I think Bruce just gave a good calibration on this with his great description not only of why or why not to breathe Uranium Hexaflouride (cuz you will have to stand on your head to empty it from your lungs!) but also the relative density of the gasses in question.

Try the analogy of mixed drinks. Every good bartender knows that you put the alcohol into the glass first so that when you add the water-based stuff (tonic, seltzer, juice, etc.) the two mix naturally. If you pour the alcohol *over* the watery things, you risk the alcohol "floating" rather than mixing. We could go into the implications of low and high "proof" alcohol, etc.
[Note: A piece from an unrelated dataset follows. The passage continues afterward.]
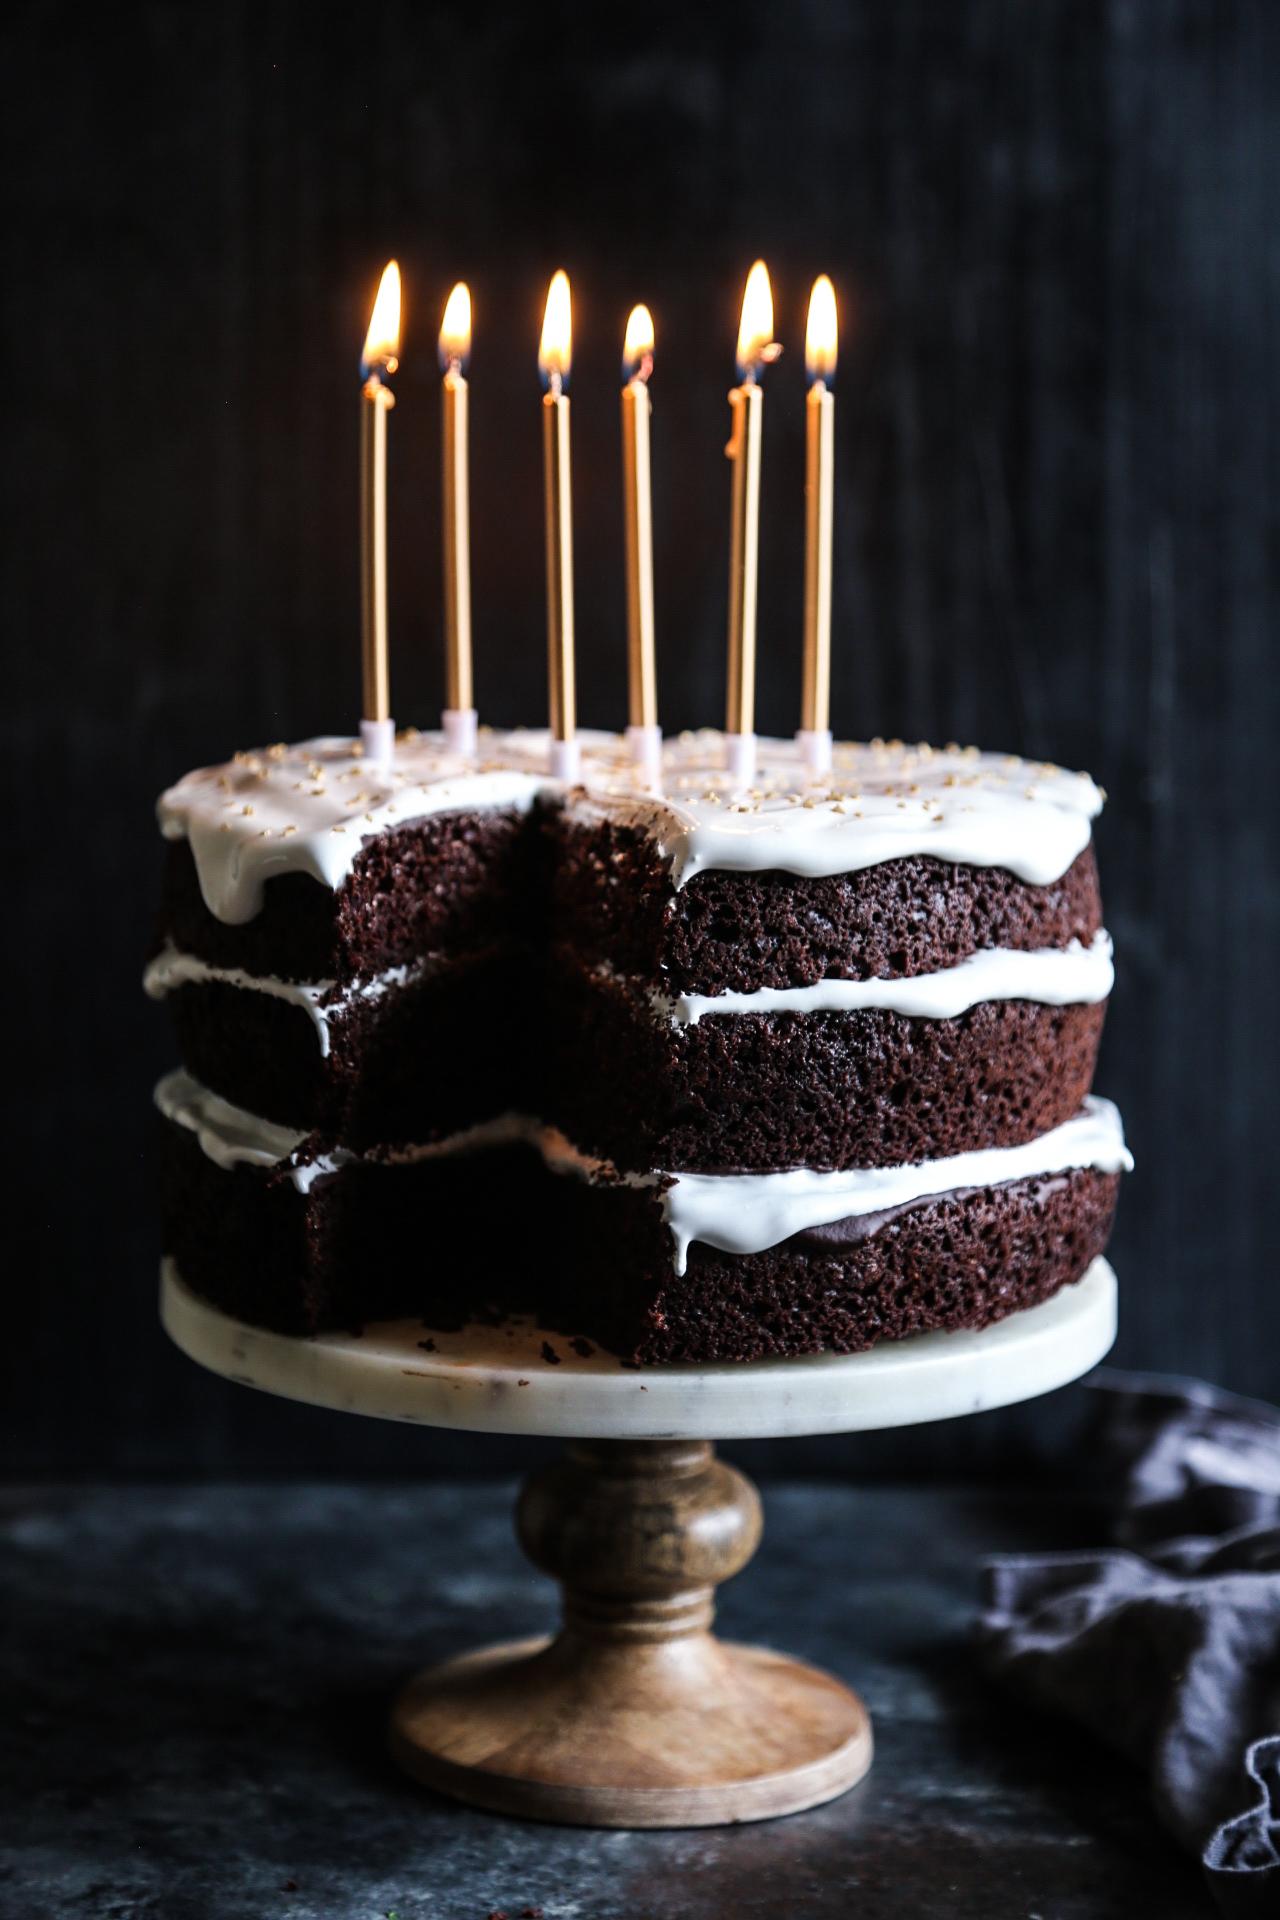 Groovy Ultimate Dark Chocolate Cake With Marshmallow Frosting Climbing Funny Birthday Cards Online Necthendildamsfinfo

But are you surprised that your bottle of wine, beer, or hard liquor hasn't seperated before you even get to pour it?

AS I think Doug mentioned, thermal energy alone is a good mixer... even without the constant stirring of wind and convection...

- Steve

Sorry. Mixed up the weight of N and O. So my question should have been, Why don't we wake up in a layer of oxygen on still nights?

Which brings us to your question about what would make me expect that a mixture would separate out into its lighter and heavier components. You tell me! Other things being equal, don't heavier things tend to sink when mixed with lighter ones?

N

*From:*friam-boun...@redfish.com [mailto:friam-boun...@redfish.com] *On Behalf Of *Douglas Roberts
*Sent:* Tuesday, June 12, 2012 2:43 PM
*To:* The Friday Morning Applied Complexity Coffee Group
*Subject:* Re: [FRIAM] atmospherics

Let's not ignore temperature: my farts are a good 20 degrees F above ambient (at present), and tend to rise before mixing into the unfortunate nearby environs. And, just in case you were wondering what the composition of a fart was:

The major components of the flatus, which are odorless, by percentage are:^[4] <http://en.wikipedia.org/wiki/Flatulence#cite_note-3>

§Nitrogen <http://en.wikipedia.org/wiki/Nitrogen>: 20--90%

§Hydrogen <http://en.wikipedia.org/wiki/Hydrogen>: 0--50%

§Carbon dioxide <http://en.wikipedia.org/wiki/Carbon_dioxide>: 10--30%

§Oxygen <http://en.wikipedia.org/wiki/Oxygen>: 0--10%

§Methane <http://en.wikipedia.org/wiki/Methane>: 0--10%

*4. ^ <http://en.wikipedia.org/wiki/Flatulence#cite_ref-3>*"Human Digestive System" <http://www.britannica.com/eb/article-45361/human-digestive-system#294193.hook>. /Encyclopædia Britannica/. Retrieved 2007-08-22.

--Doug

On Tue, Jun 12, 2012 at 12:33 PM, Roger Critchlow <r...@elf.org <mailto:r...@elf.org>> wrote:

Nick --

N2 weighs 28 gm/mole, O2 weighs 32 gm/mole, Ar weighs 40 gm/mole, CO2 weighs 44 gm/mole, and H2O weighs 18 gm/mole.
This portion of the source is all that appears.